Rapuleng dumped the ailing New National Party only three days after party stalwarts such as Sheila Camerer organised a big bash to celebrate her birthday.
Rapuleng joined the alliance last week after her name failed to appear prominently on the NNP election list.
“I established the National Party from a hated party in Soweto to a force that was later to be reckoned with. And what did I get out of that?” she asks. “Nothing. After serving the party with loyalty for five years, they decided to dump me for white candidates and black mascots in the election list.
“So I thought, because opposition parties share more or less the same political agenda, the Federal Alliance was the closest I could get to the convictions that led me to the NP.”
Rapuleng refuses to call her former party the “new” NP. She says it failed to adapt to changing realities in the country’s political landscape.
Her gamble to go straight into King Luyt’s house paid dividends just a few days after she knocked at his door and demanded alliance propaganda and a membership form.
Rapuleng is now the Federal Alliance’s national organiser, and one of the most powerful players in the newly formed party.
The Federal Alliance’s policies are yet to be formally agreed on. The little that is known at the moment is that it is pursuing a conservative social agenda alongside free market economics.
Rapuleng is determined to make her mark in the alliance by getting to the top of the party’s election list and perhaps becoming a member of Parliament.

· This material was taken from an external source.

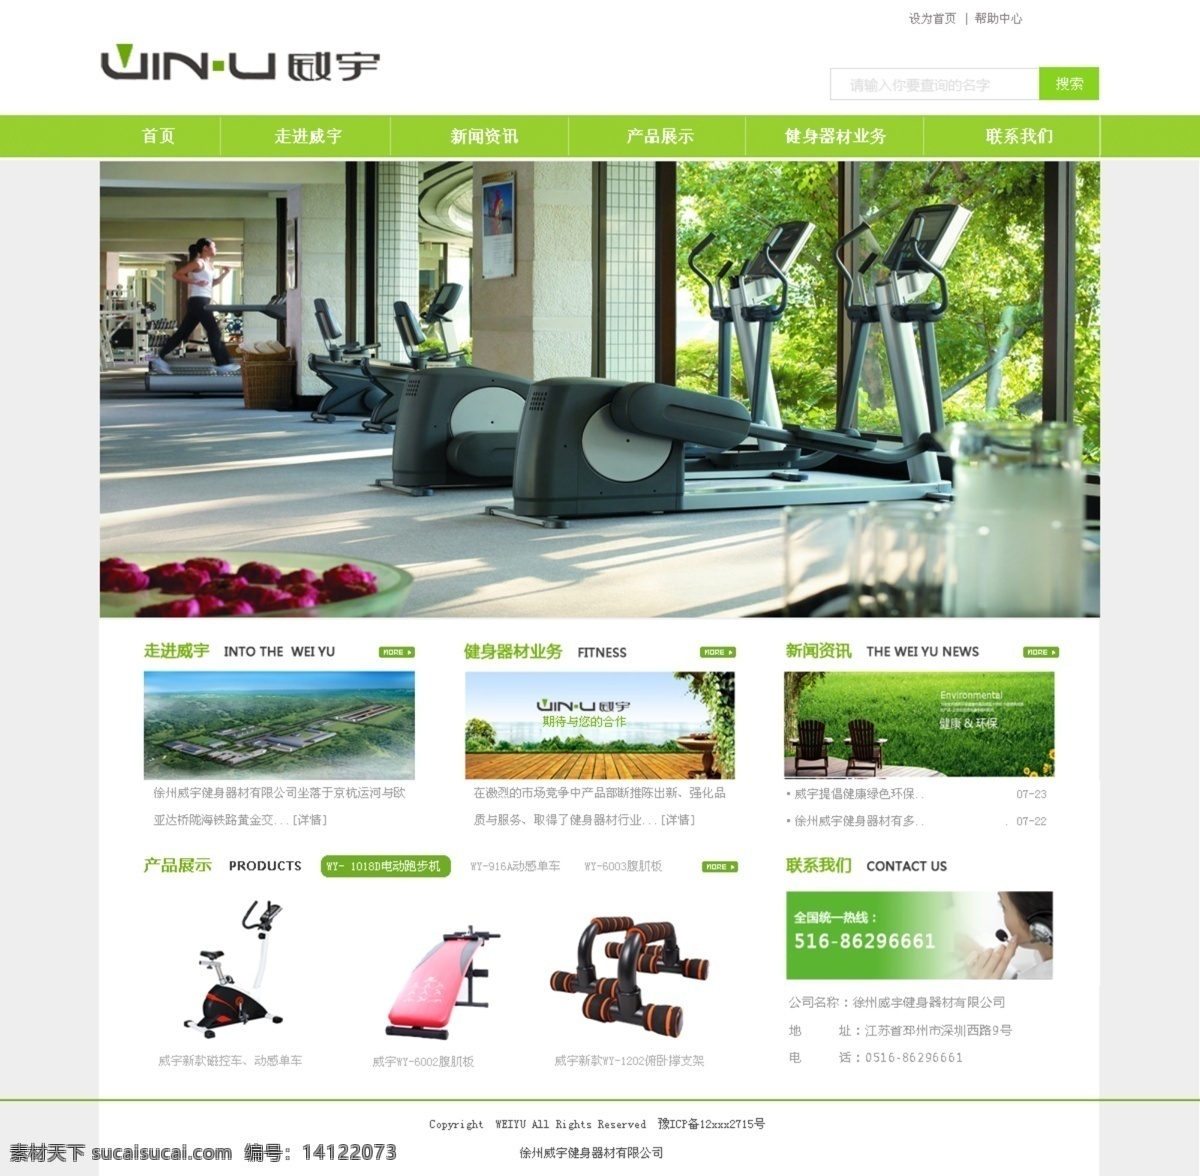 健身器材 网页 健身器材网页 网 网站 网页设计 原创设计 原创网页设计

She says she has already delivered 93 black members from Soweto.
Rapuleng says there is nothing racist about the alliance or its leader. She defends Luyt’s action of taking President Nelson Mandela to court last year – an act that was widely interpreted as the last hope for dying Afrikaner conservatism.
“We all adore Mandela. Dr Luyt took him to court not because he was black or that he did not like him. It was a clear point of policy and constitutional matter.
“The Federal Alliance never fights individuals. It fights the system and wrong procedures.”
The former Afrikaans and history schoolteacher claims to have cut her political teeth in the early 1990s when she joined the African National Congress in Soweto. She says she left the ANC because her voice was never heard as the party had too many members.
Rapuleng says: “The Federal Alliance is growing fast despite what the opinion polls are saying. You see here we represent disgruntled members of all political parties in South Africa who want something new. There is so many of them at the moment and we will find them.”
Rapuleng supports an opposition election platform: the reinstatement of capital punishment, an end to corruption and the Federal Alliance’s vision of the economy.
She claims to have been a victim of crime a few times herself. But she is not leaving Soweto, where she was once a member of the criminal gang amaHazel.
“Soweto is where I was born and where my constituency is. If I leave them who is going to understand their problems?” she asks.